The modules can be arranged in the following categories. Where a module directly
implements a box from the diagram, the box name is indicated in boldface.
Until the modules dealing with Lwt, only `Markup.Stream_io` does I/O. The rest
of the modules are pure with respect to I/O.
Almost everything is based directly on specifications. Most functions are
commented with the HTML or XML specification section number they are
implementing. It may also be useful to see the [conformance status][conformance]
– these are all the known deviations by Markup.ml from the specifications.
#### Helpers
- [`Markup.Common`][common] – shared definitions, compiler compatibility, etc.
- [`Markup.Error`][error] – parsing and serialization error type. Markup.ml does
not throw exceptions, because all errors are recoverable.
- [`Markup.Namespace`][namespace] – namespace URI to prefix conversion and back.
- [`Markup.Entities`][entities] – checked-in auto-generated HTML5 entity list.
The source for this file is `src/entities.json`, and the generator is
`src/translate_entities.ml`. Neither of these latter two files is part of the
built Markup.ml, nor of the build process.
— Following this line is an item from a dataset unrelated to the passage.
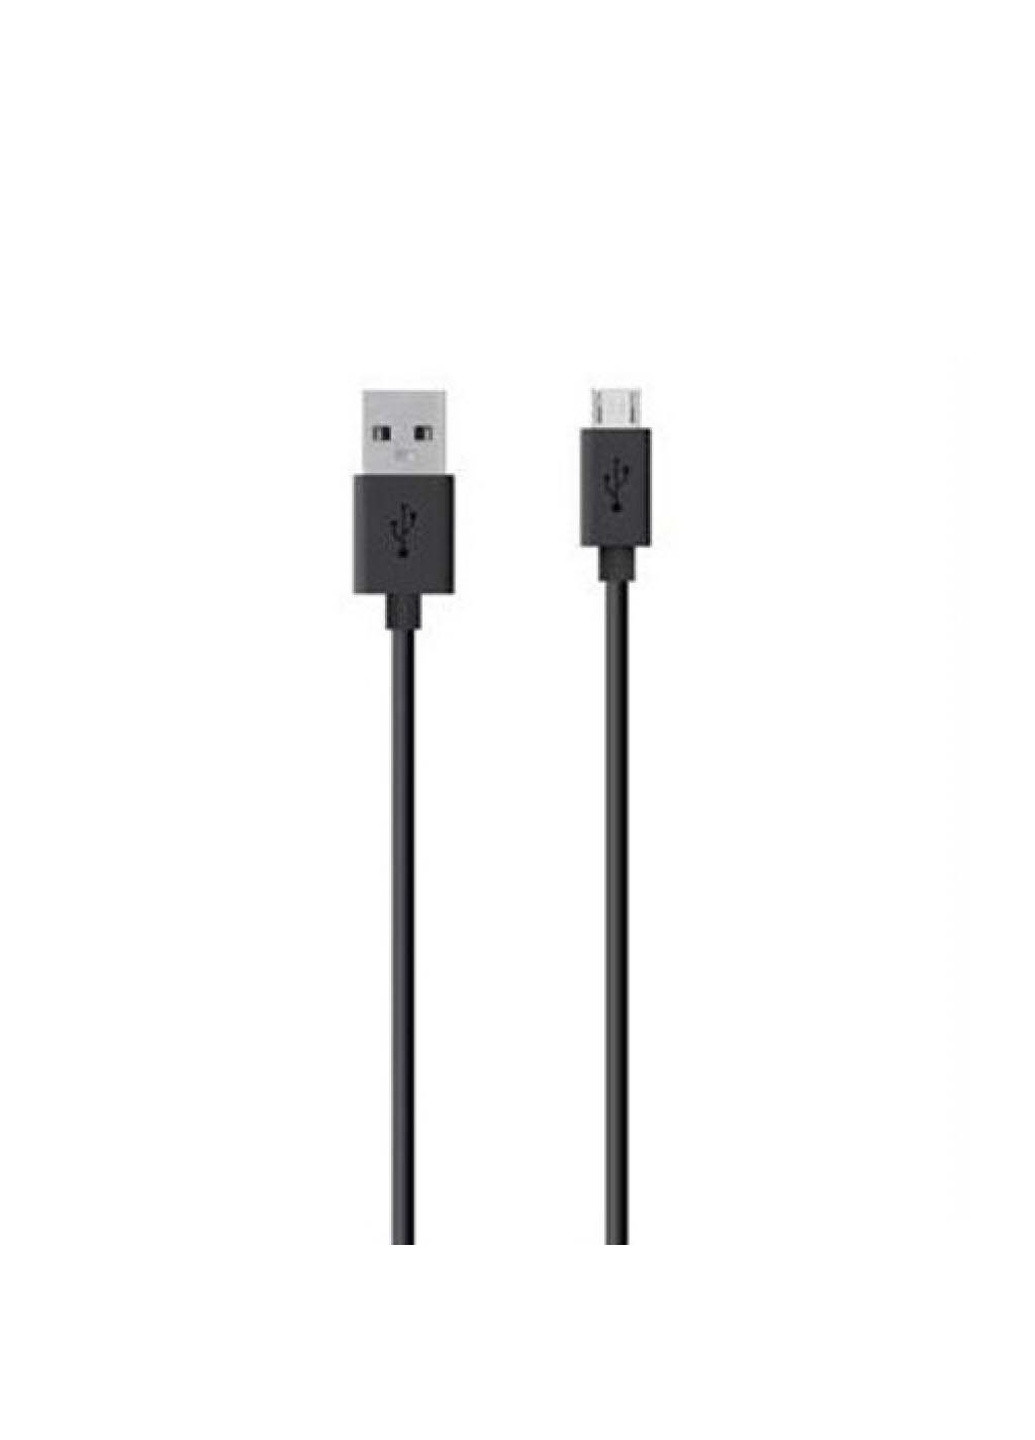 Дата кабель USB 2.0 (AM / microB) MIXIT 2м, Black (F2CU012qbt2MBLK) Belkin usb 2.0 (am/microb) mixit 2м, black (239381456)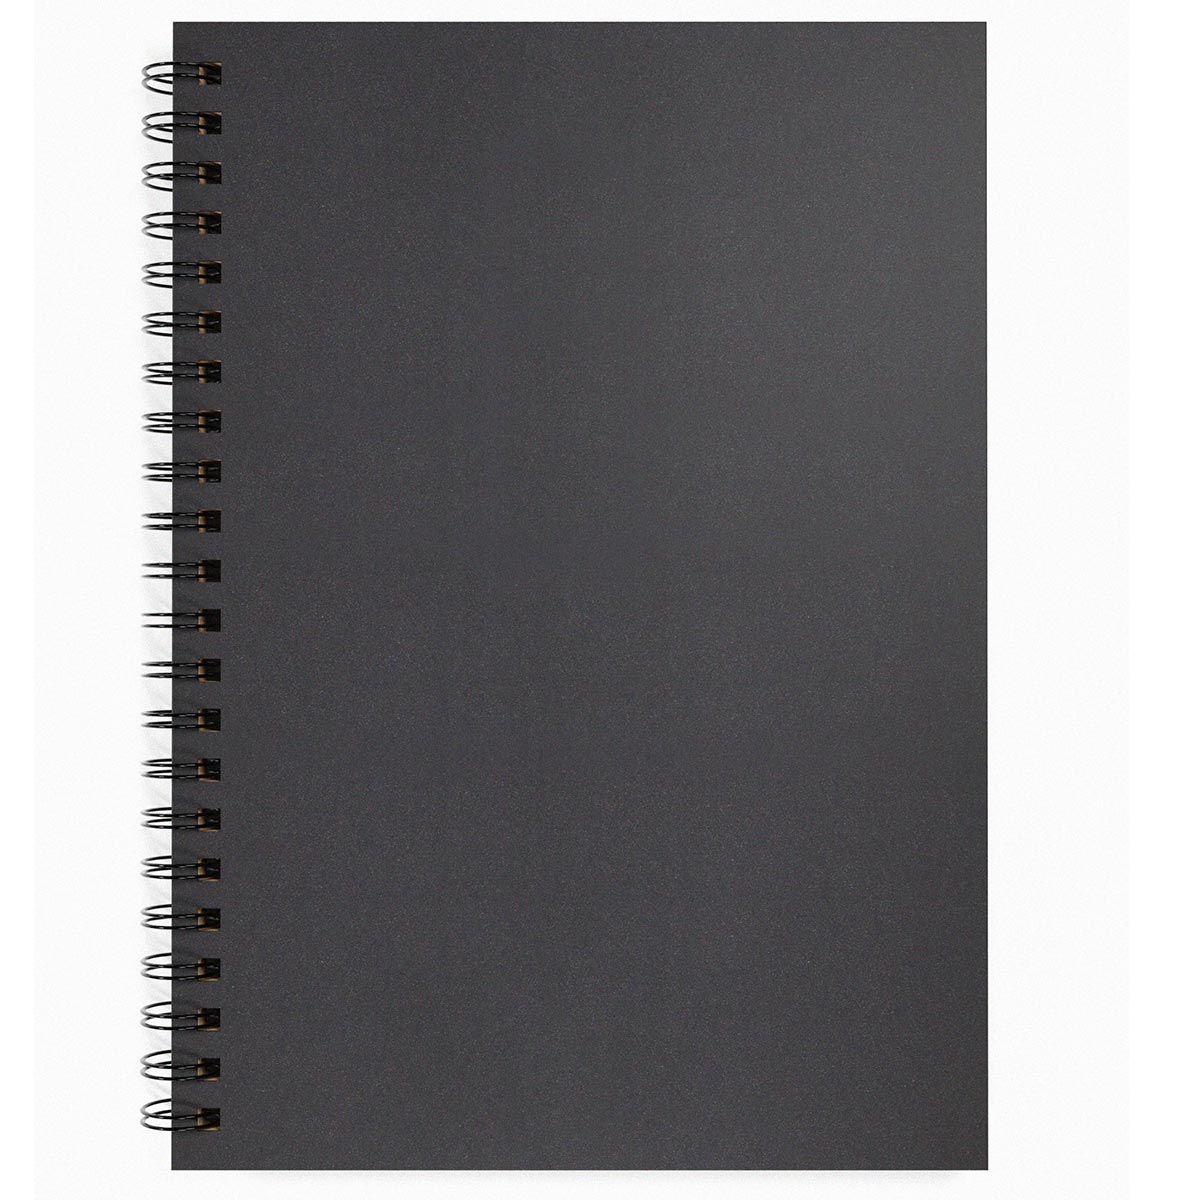 Artgecko - Shady Tan Paper Sketchbook - A4 Portret

- [`Markup.Trie`][trie] – trie for incrementally searching the entity list.
- [`Markup.Kstream`][kstream] – above-mentioned CPS streams.
- [`Markup.Text`][text] – some utilities for `Markup.Html_tokenizer` and
`Markup.Xml_tokenizer`; see below.
#### I/O
- [`Markup.Stream_io`][stream_io] – make byte streams from files, strings, etc.,
write byte streams to strings, etc. – the first stage of parsing and the last
stage of serialization (**Network** in the diagram). This uses the I/O
functions in `Pervasives`.
#### Encodings
- [`Markup.Encoding`][encoding] – byte streams to Unicode character streams
(**Byte Stream Decoder** in the diagram). For UTF-8, this is a wrapper around
`uutf`.
- [`Markup.Detect`][detect] – prescans byte streams to detect encodings.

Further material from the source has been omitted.